Après un silence gêné, Sin fo lui répondit :

- Nous ne pourrons pas lui cacher la vérité. Nous devons lui dire ce qui est arrivé.

- J'aimerais bien le savoir aussi, dit une voix derrière Sin fo.

 La jeune femme sursauta et se retourna pour se trouver face au visage sombre de Archibald.

- Par tous les dieux Archie tu m’as fait peur ! Est-ce que tu nous suivais ?

- Oui pourquoi, il y a une loi contre ça ? Vous avez écrit une loi contre ça ?

- Écoute Archie, si tu es venus jusqu'ici pour m'agresser...

- Tu as failli m'arracher le bras, et c'est moi qui t’agresse ?

- Arrête Archie, tu te donnes en spectacle, intervint Hank.

 En effet, plusieurs personnes avaient passé leur tête à la fenêtre pour voir ce qui faisait autant de bruit dans la rue.

- Je me fiche de tous ces gens, et de ce qu'ils pensent de moi ou de vous.

- Que veux-tu Archie ? Des excuses ? Écoute, je suis désolée de t’avoir parlé sur ce ton, je n'étais pas tout à fait moi-même, mais je ne m'excuserais pas pour ce que je t’ai dit, parce que tu l’avais mérité.

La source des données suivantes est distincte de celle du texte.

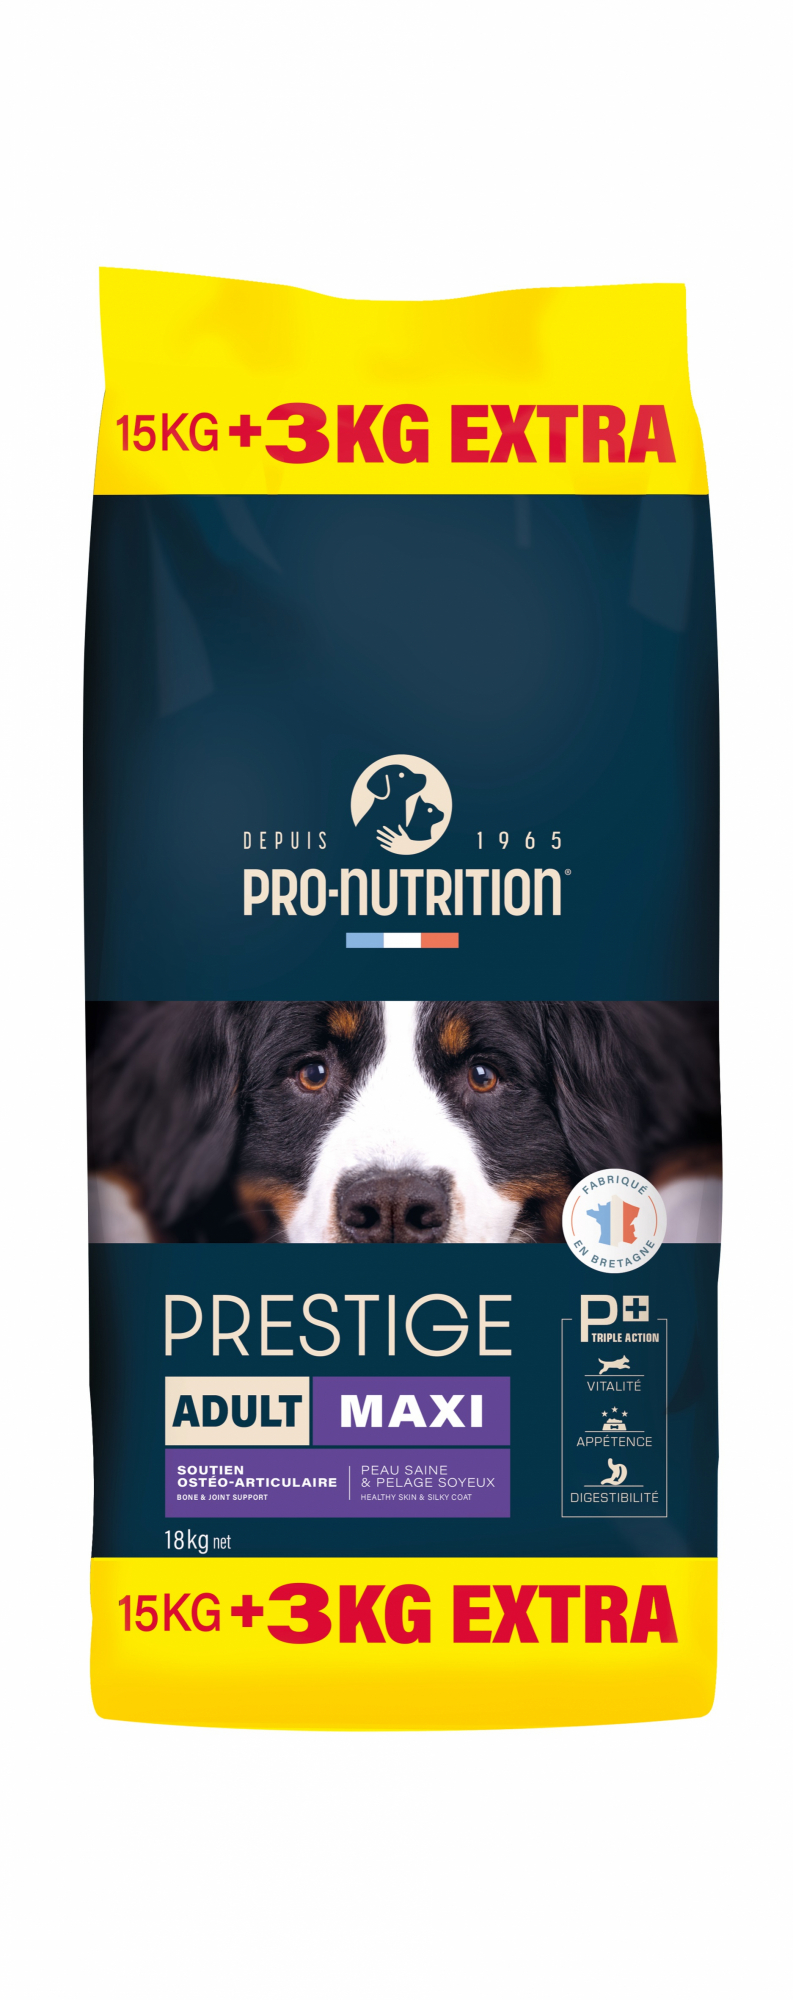 Prestige Maxi Adult für erwachsene große Hunde
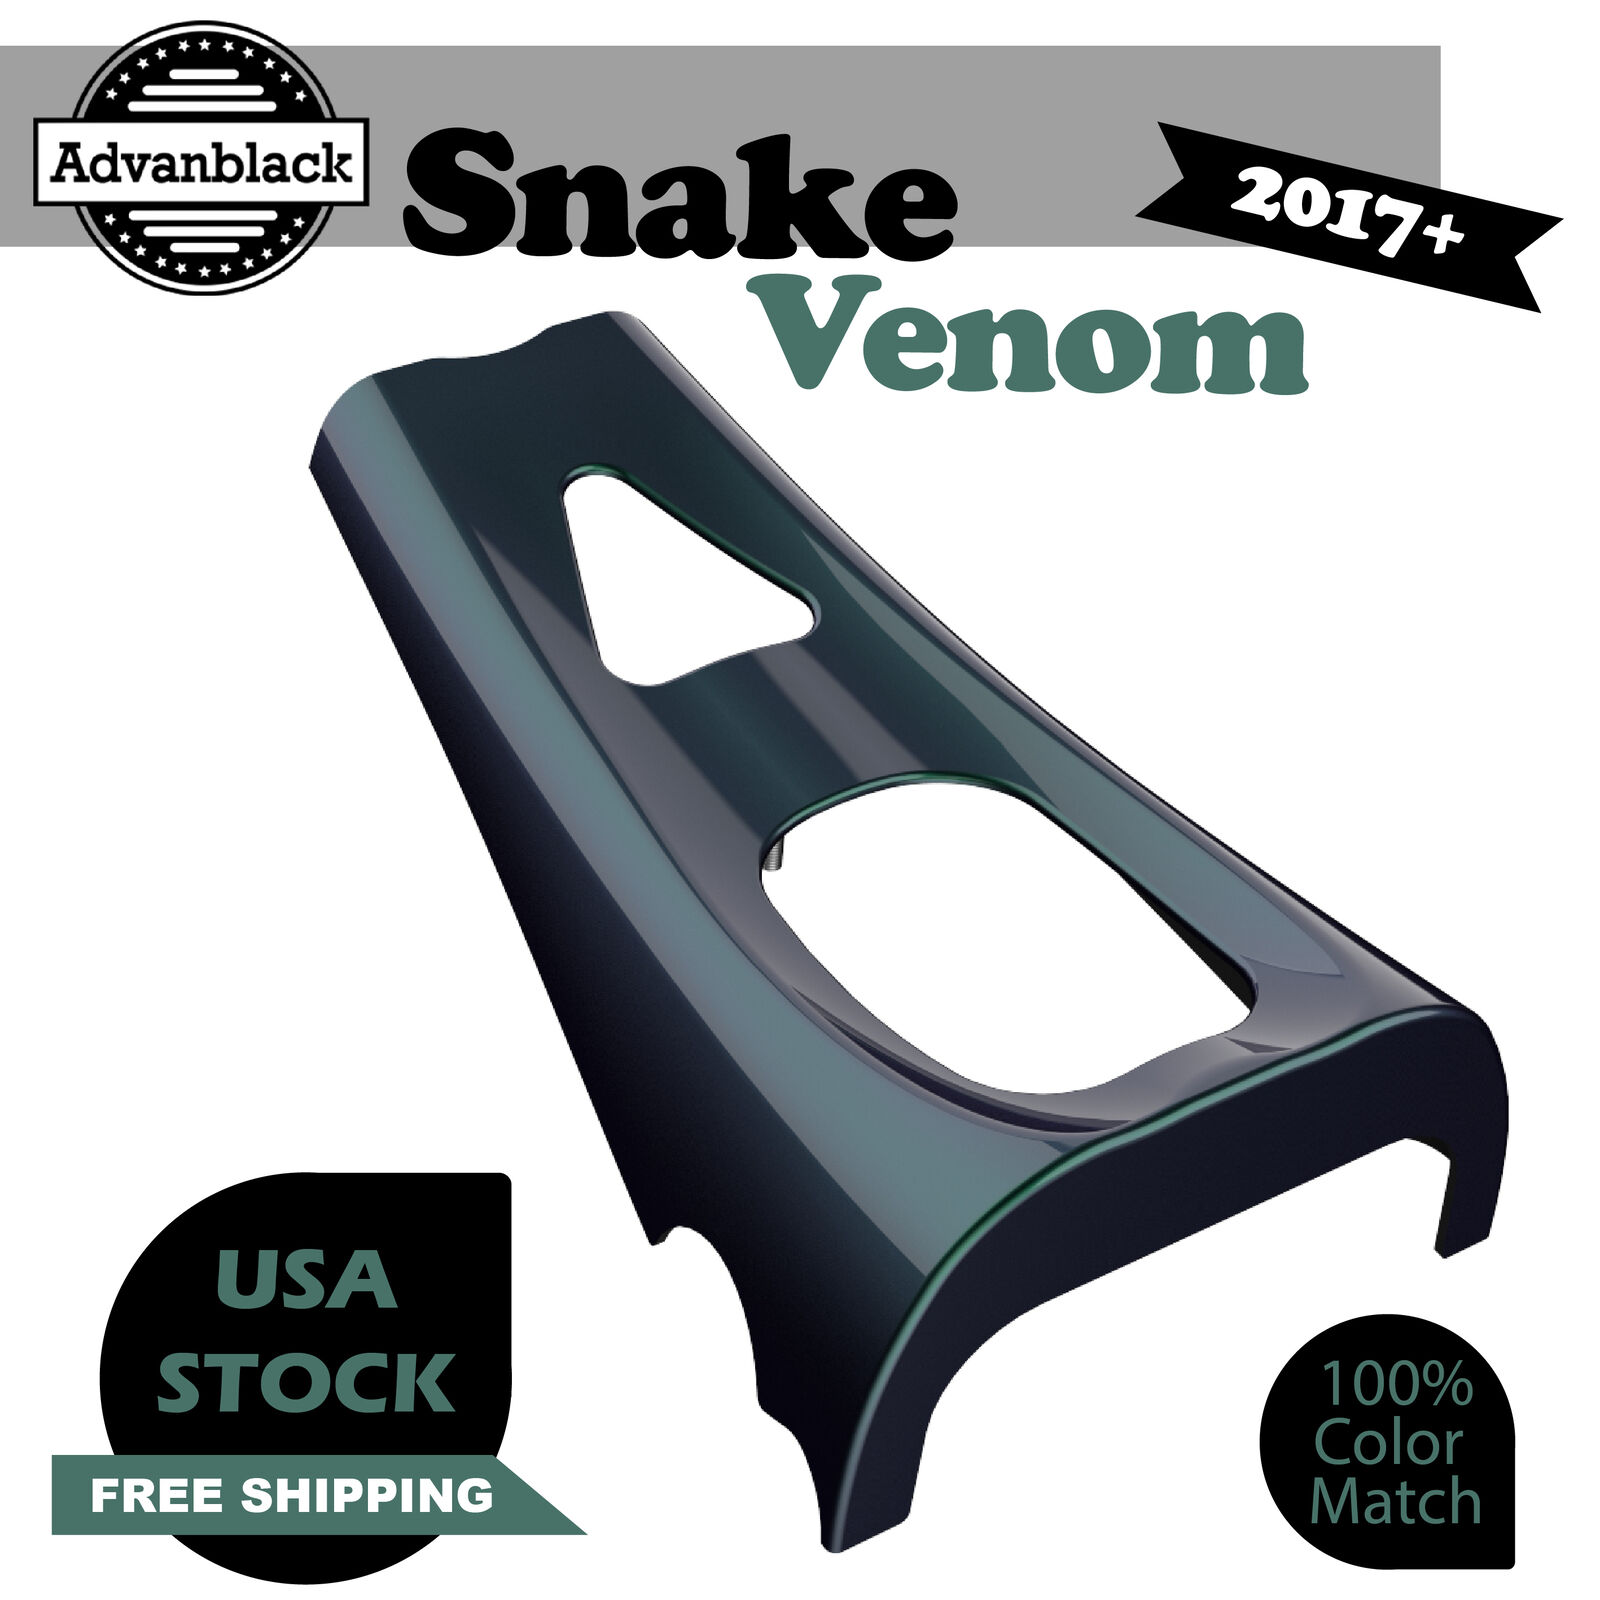 Snake Venom ABS Chin Spoiler Fits 2017+ M8 Harley Street Road King Glide

Tu avais dépassé les bornes.

 Archibald resta face à eux sans rien dire. Il en voulait toujours à Sin fo et à Hank, mais il devait reconnaître que la jeune femme avait raison. Hank tenta d'apaiser la tension entre eux deux :

- Je sais qu'elle n'a l'air de rien comme ça, mais Tabatha n'est pas si légère qu'on pourrait le croire, et je commence à fatiguer. Viens avec nous Archie, on va se poser et je te raconterais tout.

 Archibald acquiesça et ils reprirent leur route en silence.